Haha, mean looking turtle. Looks like you had fun.


----------



## grogan (Jan 23, 2011)

right on bud. Let me guess, sitting in the hammock on the forum while camping?


----------



## Cory1990 (Jun 14, 2012)

Spot on grogan! Last night while we were talking I was laying in there with a blanket on looking at the stars enjoying the fire.

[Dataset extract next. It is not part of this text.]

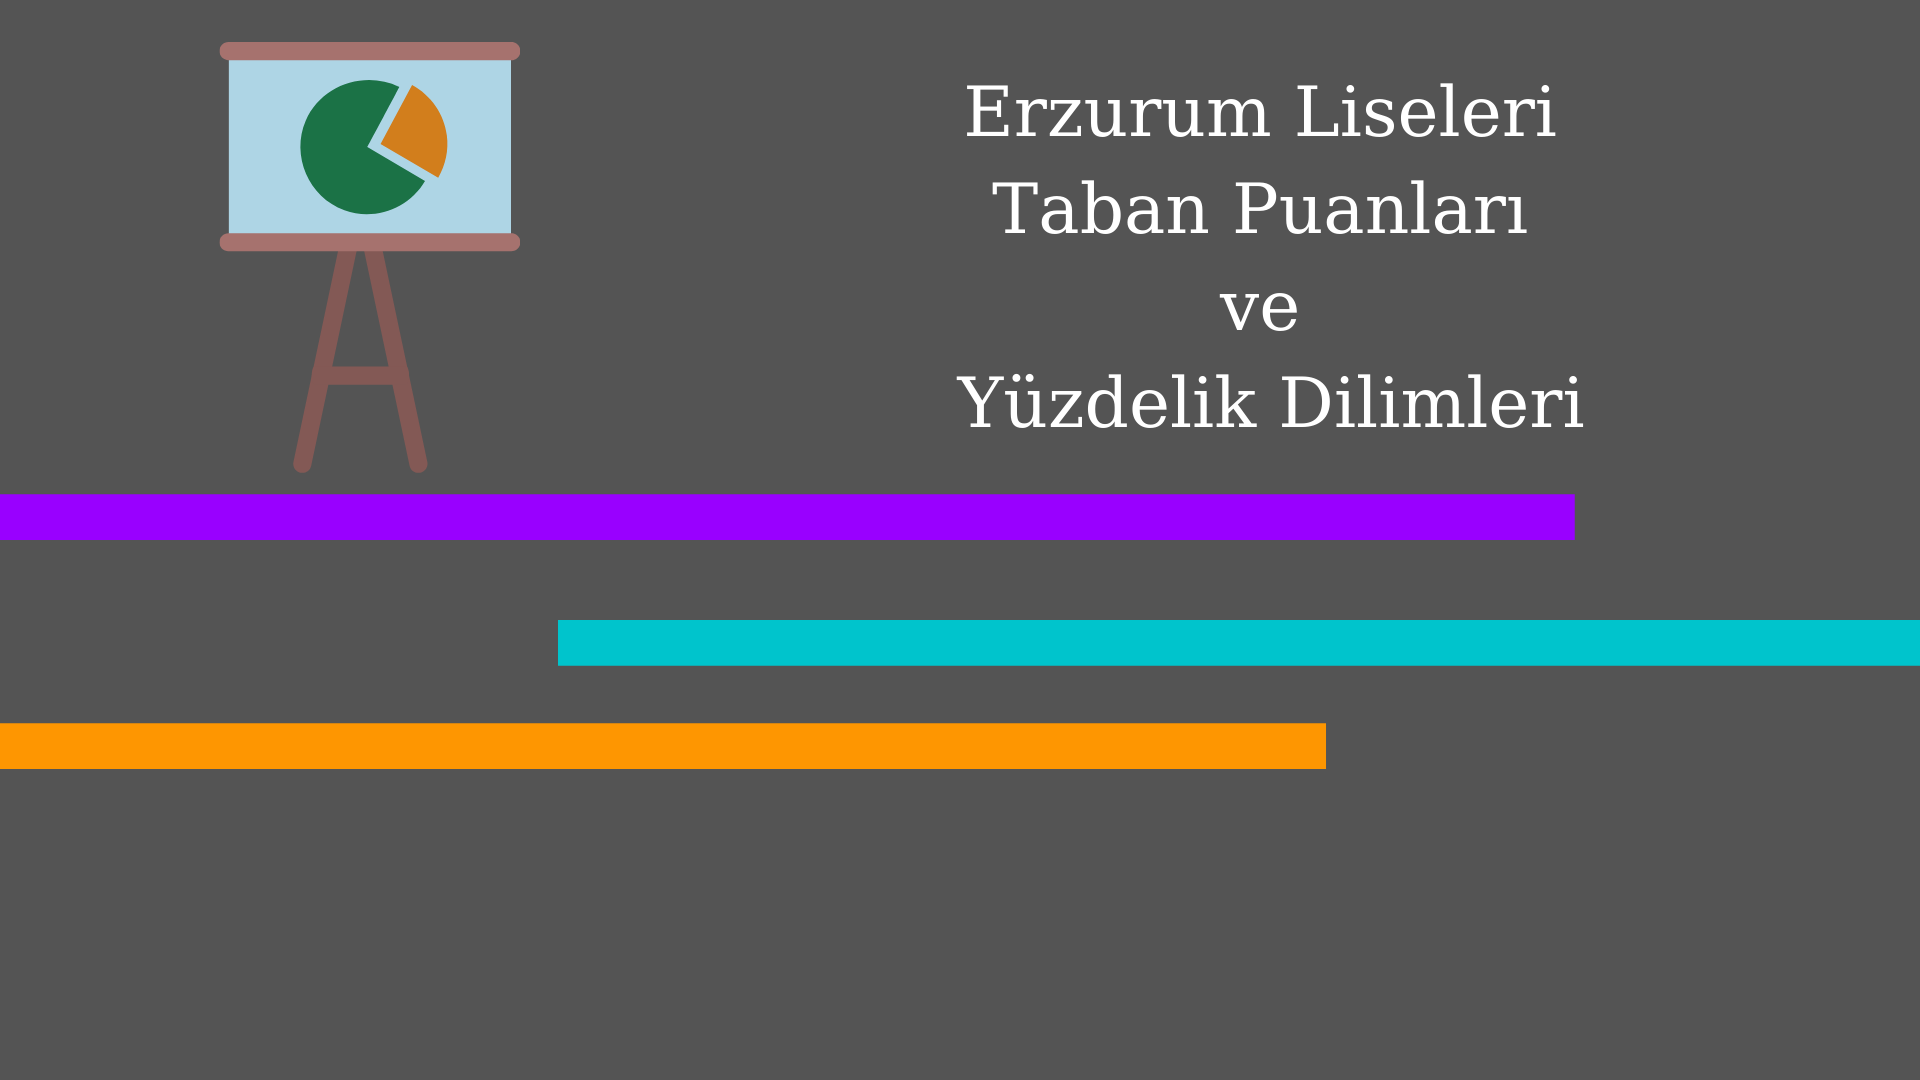 Erzurum Liseleri Taban Puanları ve Yüzdelik Dilimleri 2021

And also I think the best part was eating fresh fish. I love crawfish and I found a spot with hundreds of them. I think we ended up getting around 40 of them out using a small hook and worm. So it was like eating lobster for me lol. That night dinner was chicken wrapped in foil cooked right in the fire, fresh panfish 7 of them,two rock bass. Mm mmmm mmmmm that was a good dinner


----------



## grogan (Jan 23, 2011)

Lol I do the exact same thing while rafting. "Hold on guys I gota check my phone!" You know your a fish nerd when......


----------



## Cory1990 (Jun 14, 2012)

Haha yea I know. I was in panic mode when my dad told me he stopped by my condo and fed my fish for me. I was like nooooooo but they are all fine. I seen my angel uprooted a plant while I was gone. Good thing it's still alive. Another downside in my African tank one of the cichlids nipped my OB on his top fin :/ he's ok though. Other then that everything was fine. I missed my fishes though lol. And I couldn't resist coming back on the forum


And As for that turtle they are mean as hell and will chomp off your finger if they get a chance, there necks can reach out pretty far as well. If you have not already YouTube snapping turtles


----------



## Charlie1 (Dec 31, 2011)

All species of snapping turtles can be pretty mean as there are three species. The common, alligator, and Florida. You saw a common snapper on your camping trip which belongs to the family Chelydridae. They inhabit much of North America. It is kind of interesting you found him/her (I cannot see the tail, so unfortunatly I cannot sex the turtle for you) walking around om land as they are almost completly aquatic. Really nice find!


----------



## Cory1990 (Jun 14, 2012)

I grabbed it out of the water  but from time to time they do wonder up on land, the are in ponds/rivers here in Wisconsin and are vary mean. Iv had them rip fish in half while bringing a fish in before. They get pretty big and iv pulled a few fish in that I always thing are super huge until it gets close and I see a snapper attached to it. I seen a few so I hopped in the water and carefully grabbed the small on out and put it on the bank of the river to show my girlfriend. She said she's never seen one before do I had to grab one out.


----------